# Mathematics for Artificial Intelligence

These lectures are offered in the M1 tracks of the Master Mathematics and Applications of Paris Saclay

### Schedule

Monday 16h15-18h15, room 1A7
Tuesday 10h15-12h15, room 0A2
Part I: September - October
Part II: October - December

### Language

French or English, depending on the audience.

### Prerequisite

Probability theory, linear algebra, convex analysis

### Program

The lectures are intended as an introduction to the mathematical tools involved in the analysis of Machine Learning algorithms.

The course has two parts. A first part is focused on the problem of sequential learning. The mathematical tools involved are mainly probabilistic, with some convexity arguments. The second part covers some questions where matrix analysis and linear algebra play a central role.

Part 1: Sequential learning
• Complement on probability: Sub-Gaussian random vector, sub-Exponential random variables, concentration inequalities.
• Sequential learning problems, Stochastic Gradient Optimisation, connection with classical optimisation problems.
• Learning in an unknown environnement.

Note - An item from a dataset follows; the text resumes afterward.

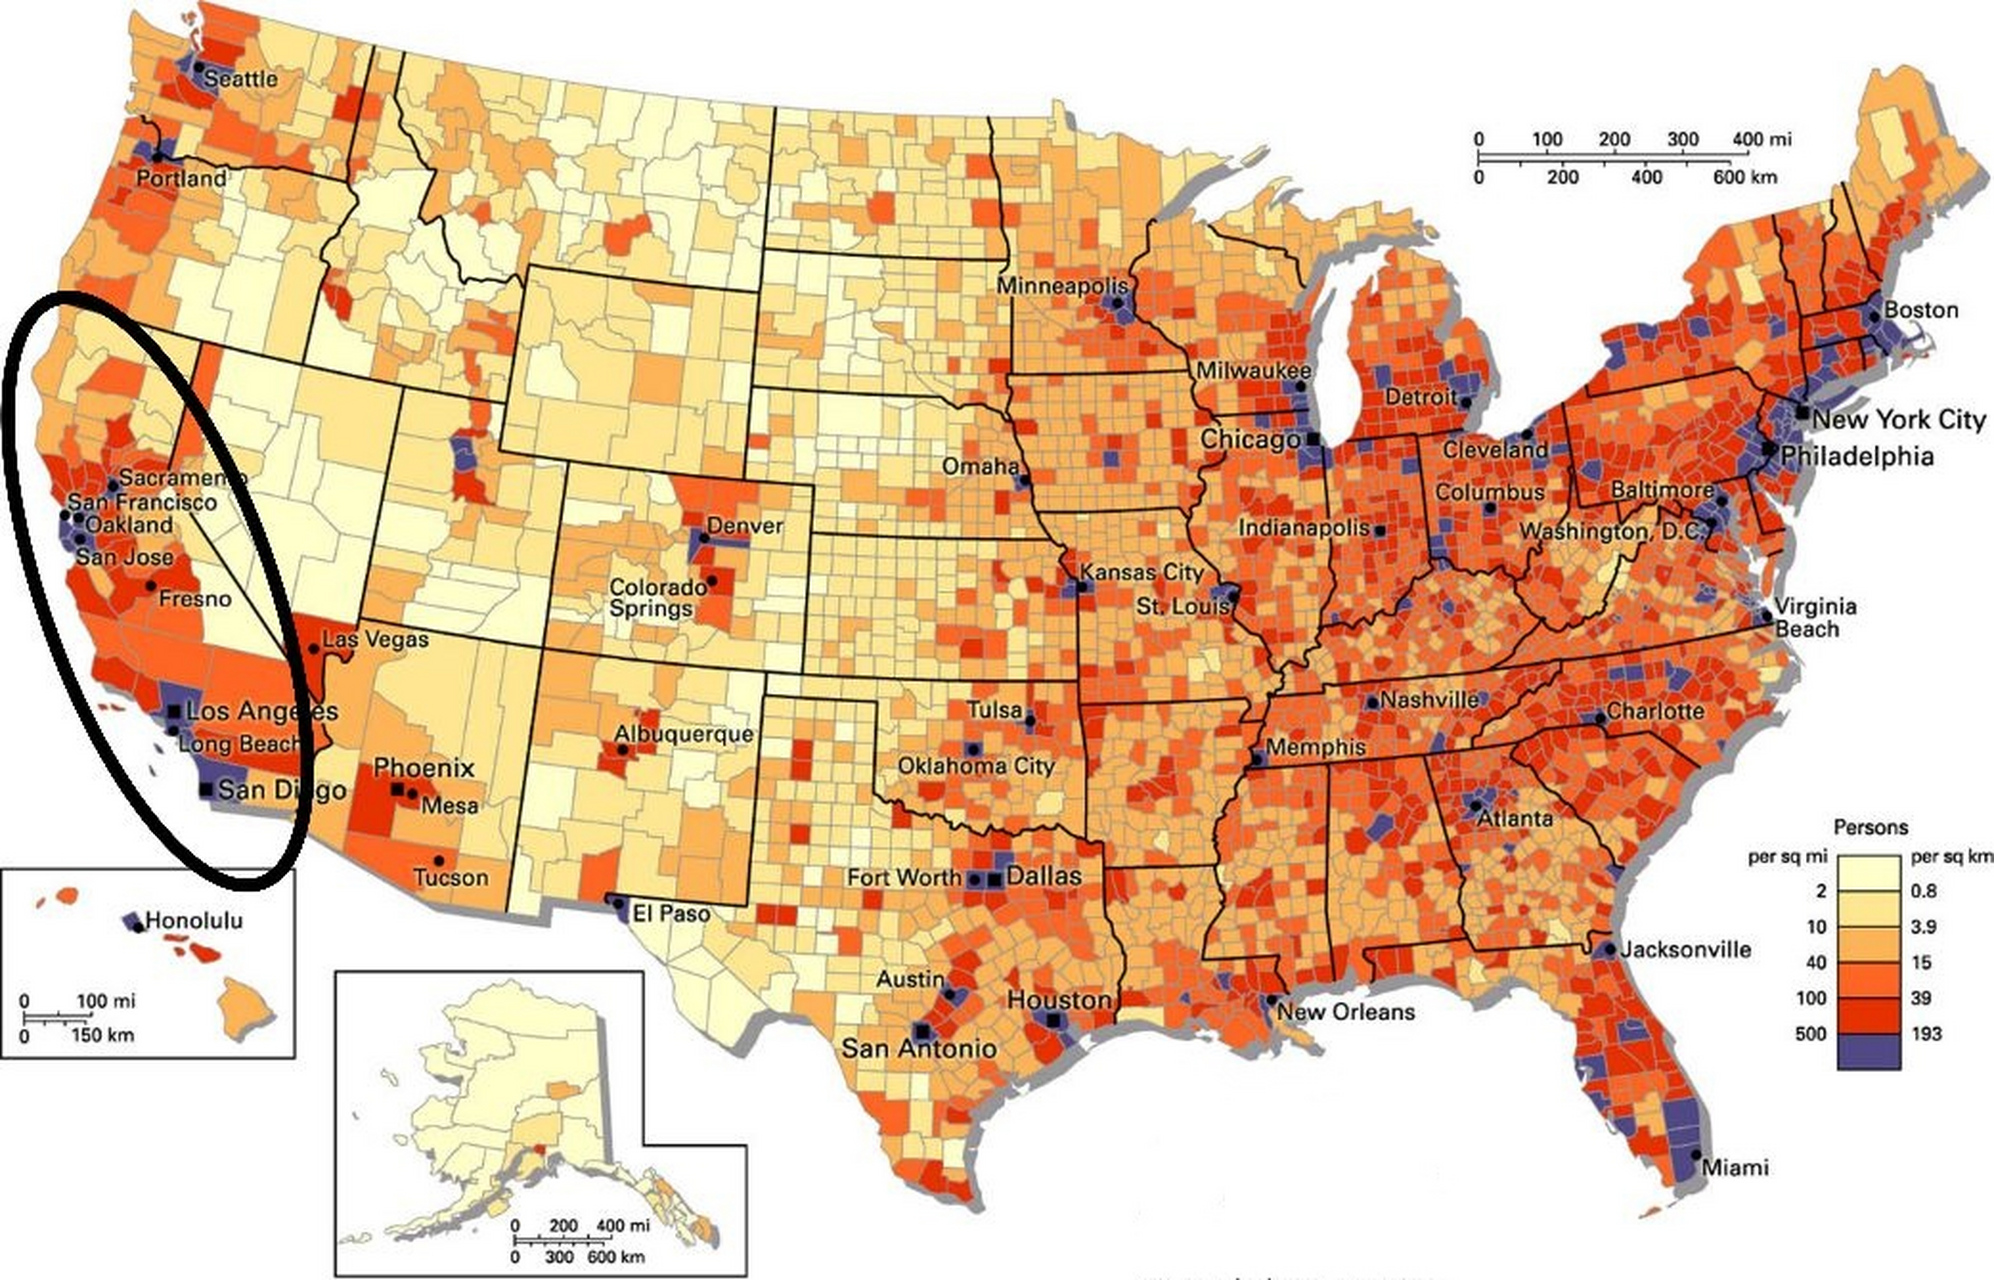 美国人口分布 密度图片

Exploration/exploitation trade-off, Information-Theoretic lower bounds.
Part 2: Matrix analysis for Machine Learning
• Matricial problems in ML: dimension reduction, clustering, community detection.
• Singular value decomposition, matrix norms, perturbation bounds
• Concentration of the operator norm of random matrices, application in ML.

### Evaluation

Mid term exam October, room ??, ??h--??h.
Final exam December, room ??, ??h--??h.
Exercises for the exam: Sections 1.3.1, 2.5, 3.4.3 [including Pinsker inequality for arbitrary probability distributions], 4.4., 5.4.2, 6.4.1, 6.4.2, 7.4.1., 8.4.2

### Discovering more on the topic

For a deeper investigation of the first part, I recommend the M2 course 'Apprentissage et optimisation sequentiels'. For the second part, I recommend the M2 course 'High-dimensional probability and statistics'. Both courses are given in the master program 'mathématiques de l'aléatoire'.

For exploring more widely on mathematics and machine learning, you may have a look at the nice blogs of Sebastien Bubeck and Francis Bach.

### Access

The Institut de Mathématiques d'Orsay is located in Building 307, Orsay campus, 5min walk from RER station Orsay-Ville.